VUCA – Volatility/ Uncertainty/ Complexity/ Ambiguity
VUCA has been around for a while. I’ve had clients bring it up in past projects. “We can’t teach them exactly how to perform in an uncertain future,” some have said.
No, I thought, but we can prepare them.
The Military does. The Police do. Firemen do.
I’ve always wanted to say, “It’s a VUCA, VUCA, VUCA, VUCA World” – paraphrasing the title of one of the classic, nonsense movies of all time.
Maybe it’s not a perfect fit. Maybe it’s too VUCA for you.
Preparing learners/Performers for VUCA
When the Performance Requirements – Outputs and Tasks and Stakeholder Requirements regarding the measurements of both Outputs and Tasks – aren’t quite Black & White.
When they are fuzzy. And/or moving. As in … moving targets. Or … they are worse than fuzzy … and they are unknown.
From the US Military (the Army)
The people who also brought us SNAFU and FUBAR and Kilroy Was Here.
In VUCA Nothing Is Rote
But it is not that you are unsure of whether the context is Playing Tiddlywinks, Playing Football, or Cooking on an Outdoor Grill in the stadium parking lot.
It’s not that fuzzy or unknown.
You can start with a some semblance of a Goal and a Context and Performers and who are the Others in the VUCA sandbox. Fuzzy or Stable.
Because you have to start somewhere, or throw your hands up, give up, and go away.

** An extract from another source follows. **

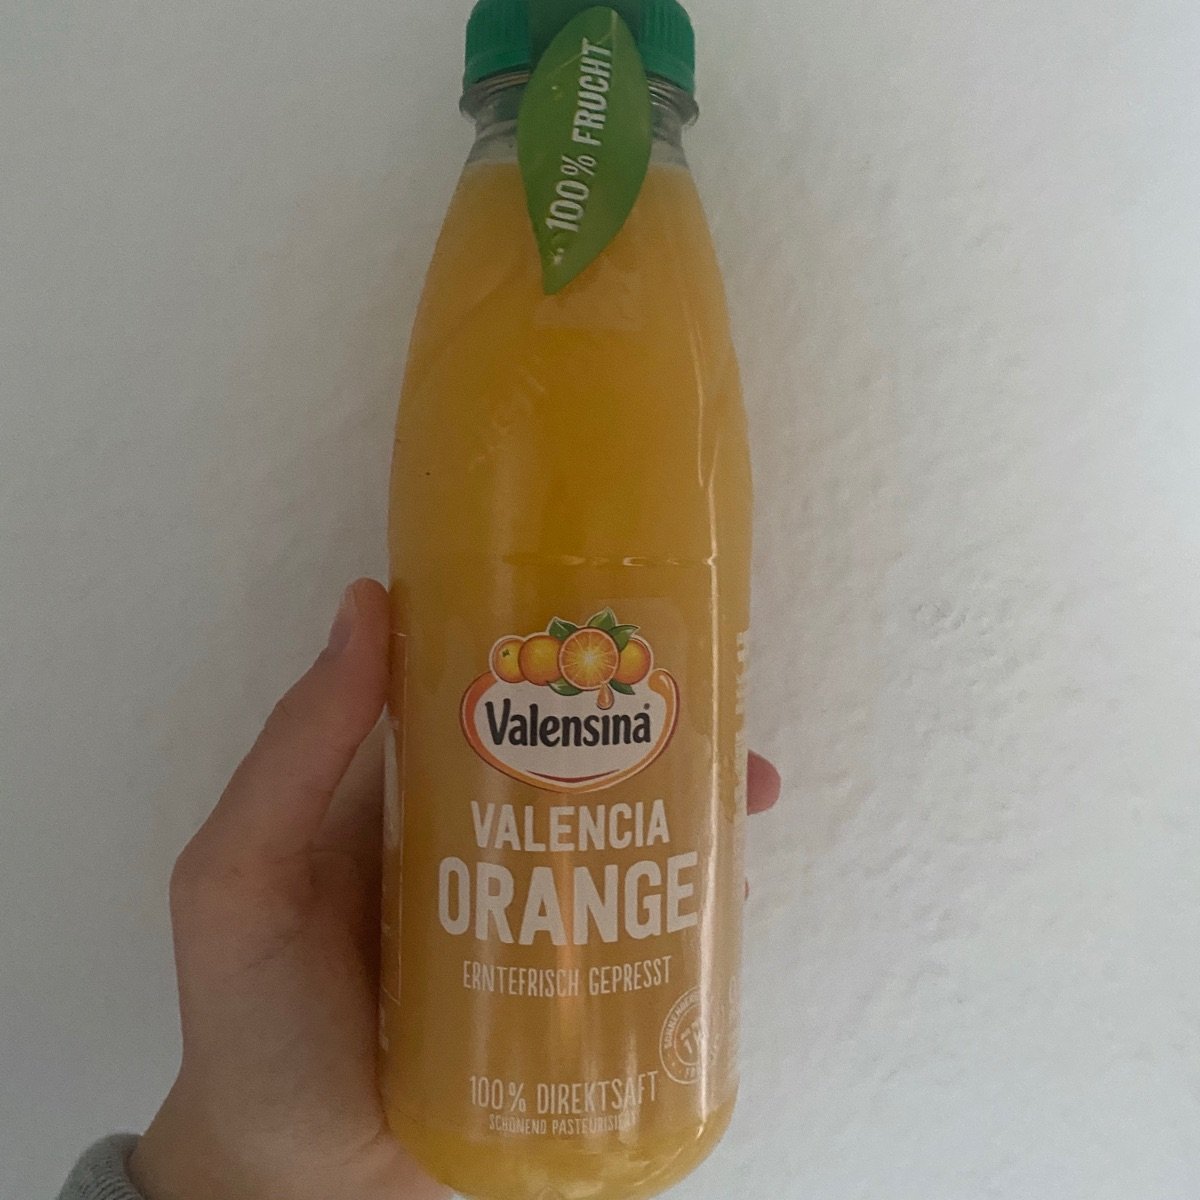 Valensina valensina orange Reviews | abillion

I Would Use Master Performers in a FGP
I’d assemble a group of handpicked Master Performers who have been there and done that regarding Performed in a VUCA environment – plus other SMEs as appropriate – those who think they know something about that unknown future context. Handpicked by the client or better yet, a Project Steering Team. The client and key Stakeholders.
I’d use a FGP – a Facilitated Group Process – for speed and accuracy, completeness and appropriateness.
The traditional alternative is to conduct observations and review documents and then interview/talk to each person in series, rather than in parallel, and then review what the people before said, and get corrections, additions and subtractions – and then do that for another round, or several rounds, battling semantics and perspectives, etc. And battle one’s own ability to “get it” when it might be very nuanced.
And where experts can miss up to 70% of what’s needed because what they know is mostly (70%) nonconscious.
Not that they – the assembled – would be perfect in predicting and reacting to the VUCA future based on what they know (consciously and non-consciously).
But who else would you ask?
I’d ask them to battle it out live and synchronously – F2F or online – and frame the learning via my Lesson Mapping tools and techniques.
Start with a rough (fuzzy) Learning Objective that should look more like a Performance Objective (or KPI).
Then define the APPO (Application Exercises).
And continue the backwards-chaining to any DEMOs.
Determine which (if any) of the APPOs need to be preceded by a DEMO: “here’s an example of what were going to ask you to do next).
Because Being Forewarned is Forearmed.
Learners would appreciate that – except those who want to learn about dealing with VUCA in a totally VUCA manner.
Those with not only a great deal of Ambiguity Tolerance – but who thrive on it and strive for it in their daily lives. (I’m being facetious).
Then determine what INFO(s) are needed to prep the learner/Performer for the possible DEMO and the “for sure” APPO – rather than throw them into the deep end of the pool (so to speak) with an APPO all by itself.
Which is sometimes the exact strategy one should use. But not all of the time.
Chain-Chain-Chain. Chain of I-D-As.
As in INFOs-DEMOs-APPOs. Successive sets (Sub-Rounds) each leading to greater and greater VUCA.
For fans of Sivasailam Thiagarajan (you know him as Thiagi) – you may recall that back in the day he’d always say, “All learning happens in the debriefing.”
That’s where he’d plan for and execute some “structured reflection” – although the casual observer might not see the structure.
That Reflection might include additional “what if” extensions of the scenario of the APPO – or brand new scenarios for discussion and reflection.
The military calls these AARs – After Action Reviews. Call then whatever makes sense in your context – using the language of your business.
Once Is Often Not Enough
Not one chain of I-D-A within one Lesson. And not just One Lesson. And not all bunched up in one extended setting/one Lesson.
Rather, spaced-out, man. Rounds of Sub-Rounds.
And perhaps shorter Lessons of one chain of I-D-As, and of course appropriately spaced out … unlike what the above graphic might inadvertently imply.
Perhaps. Or – multiple chains of I-D-As exactly as the above graphic might inadvertently imply.
Because … as Buzz likes to remind me/us: “As always – it depends.”
I’d Let the Master Performers Make Those Design Decisions
Not that they’d be perfect. But who else would you ask?
And then I’d Pilot-Test and Evaluate. And Continuously Improve.